In de voorstellen van de commissie Governance staat slechts dat de VNG in samenwerking met Raadslid.Nu en de Vereniging van Griffiers een orgaan voor deze groepen gaat ontwikkelen. Beide doelgroepen blijven welkom in de commissies. En er komen ook commissienetwerken.
Er valt een wereld te winnen aan betrokkenheid. Maar één van mijn raadsleden zat ooit in een VNG-commissie. Hoezeer ik mij verantwoordelijk voelde voor zijn ondersteuning, ik kon deze nauwelijks waarmaken. De materie was te specifiek. Door een beroep op ambtelijke bijstand en de welwillendheid van de gemeentesecretaris kwamen er annotaties bij de agenda’s en was er enige afstemming. Het raadslid koppelde zelfs terug over de belangwekkende punten die aan de orde waren. Geen idee of de meegebrachte deskundigheid en de inzet meerwaarde hadden. En of onze of alle gemeenten daarvan hebben geprofiteerd. Ingewikkeld was het organiseren wel.
Zelfs het VNG-congres is voor veel raadsleden een brug te ver. In veel gemeenten is dat financieel niet haalbaar, einde verhaal. In mijn gemeente kan elk raadslid een keer in de vier jaar naar het congres. De belangstelling is echter gering. De kosten, dat het een hele dag duurt, te massaal is en dat je er door sommige burgemeesters en wethouders wordt weggekeken, schrikt raadsleden misschien af.

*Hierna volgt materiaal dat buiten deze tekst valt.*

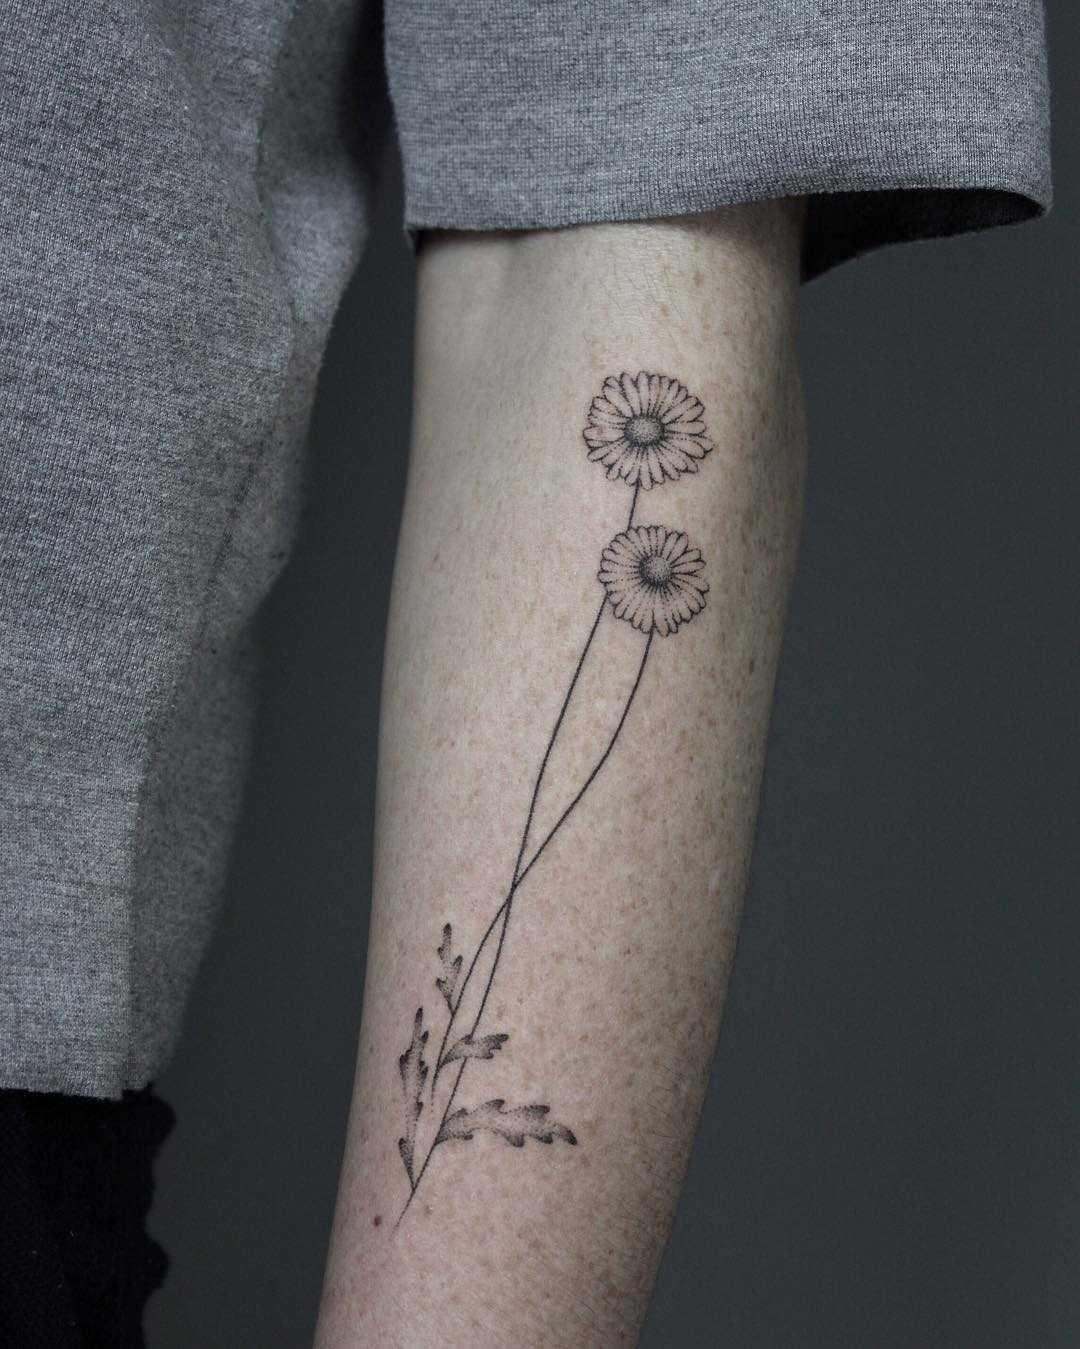 Hand-poked daisy tattoo by Lara Maju
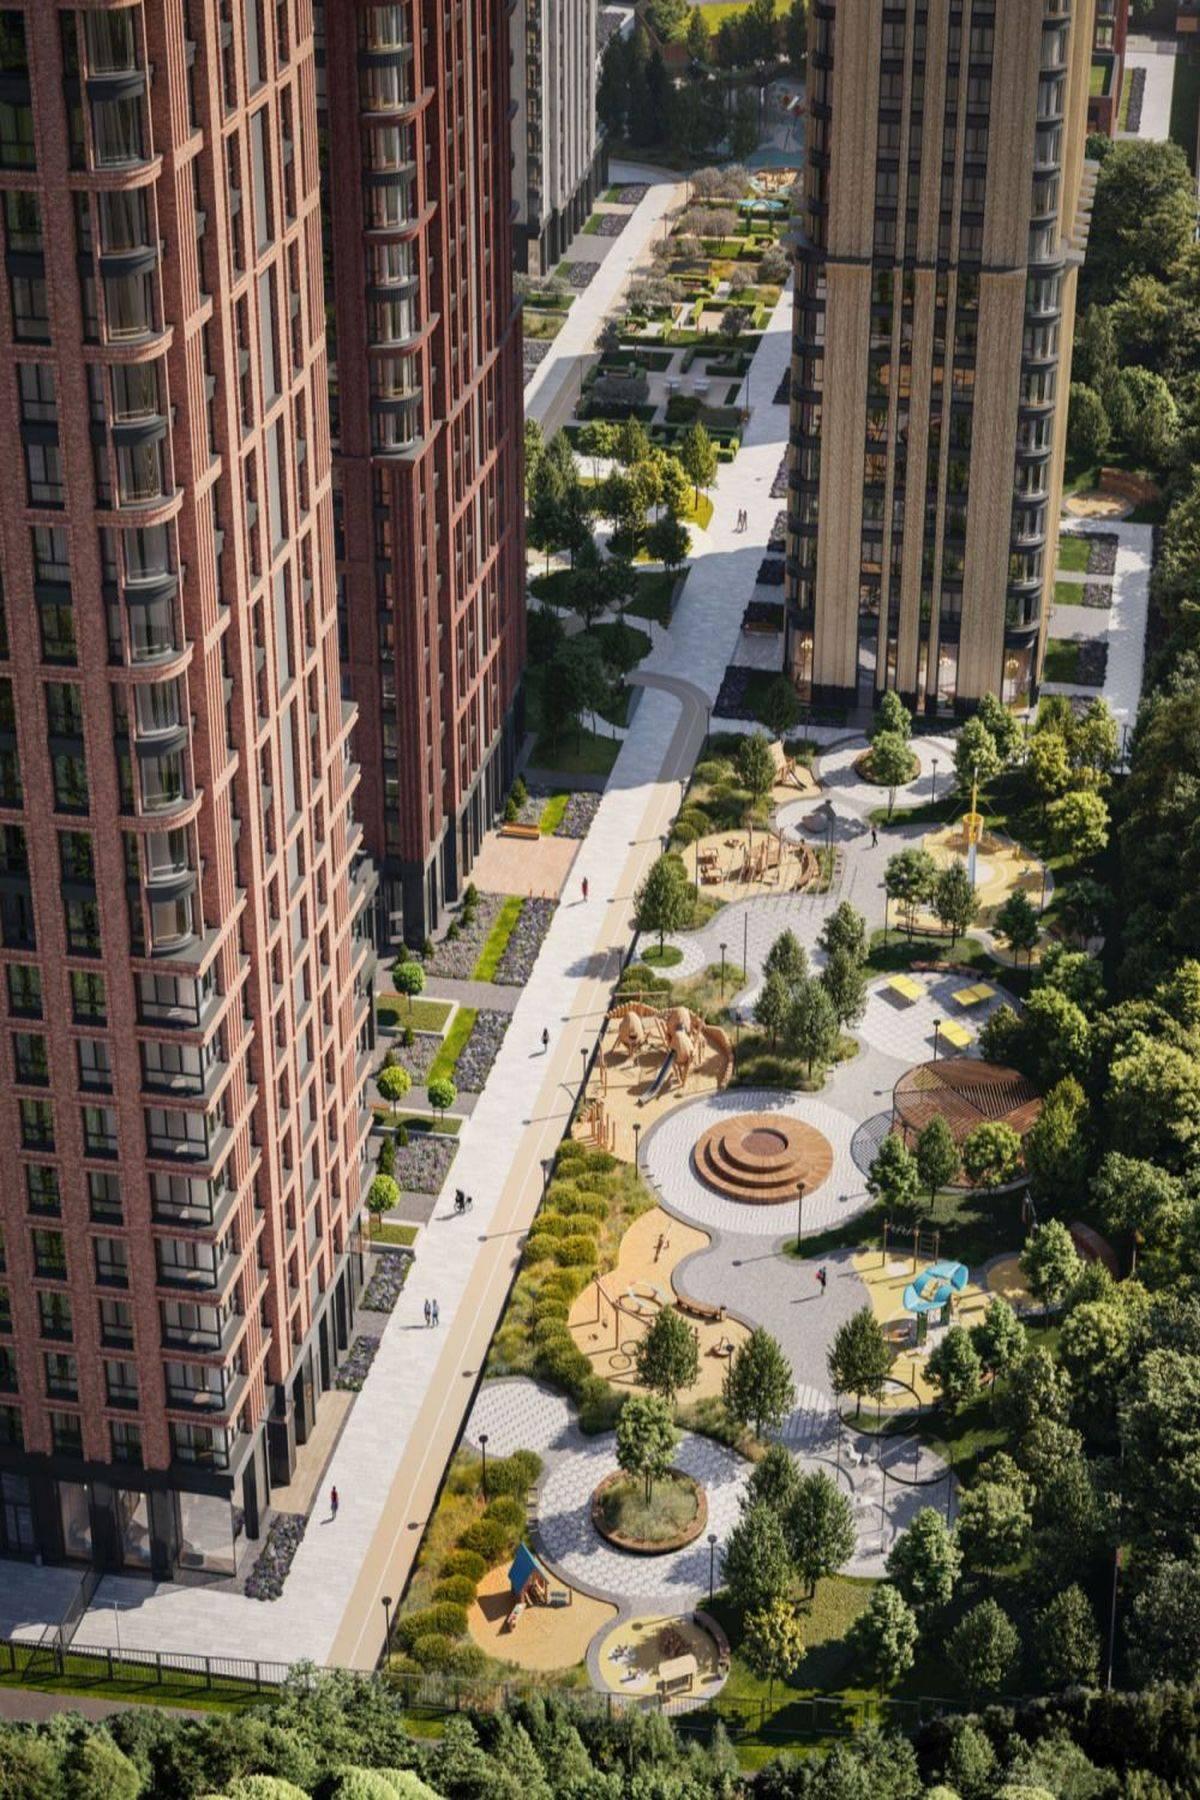 «Селигер Сити» и «Павелецкая Сити» вошли в Топ-8 жилых комплексов Москвы с самыми большими дворами

De commissie Governance heeft het over de kunst van relatieonderhoud. Een LAT-relatie zeker, denk ik. Het nieuwe orgaan moet zich kennelijk gaan richten ‘op vraagstukken die raadsleden en griffiers specifiek raken’. Geen idee welke dat zijn en waarom ze niet of in de eigen verenigingen of VNG-breed worden geadresseerd. Een status aparte leidt onbedoeld maar al snel tot marginalisering. Ik kan mij niet voorstellen dat, naast mogelijkheden als kennisdelen, netwerken, internetconsultatie en crouwdsourcing, er een nieuw orgaan moet komen. Maar los nog van de vorm, uiteindelijk gaat het om het principe. Is de VNG van ons allen? Wordt ieders kennis, ervaring en kijk gewaardeerd en ingezet? Het antwoord op die vraag mis ik vooralsnog.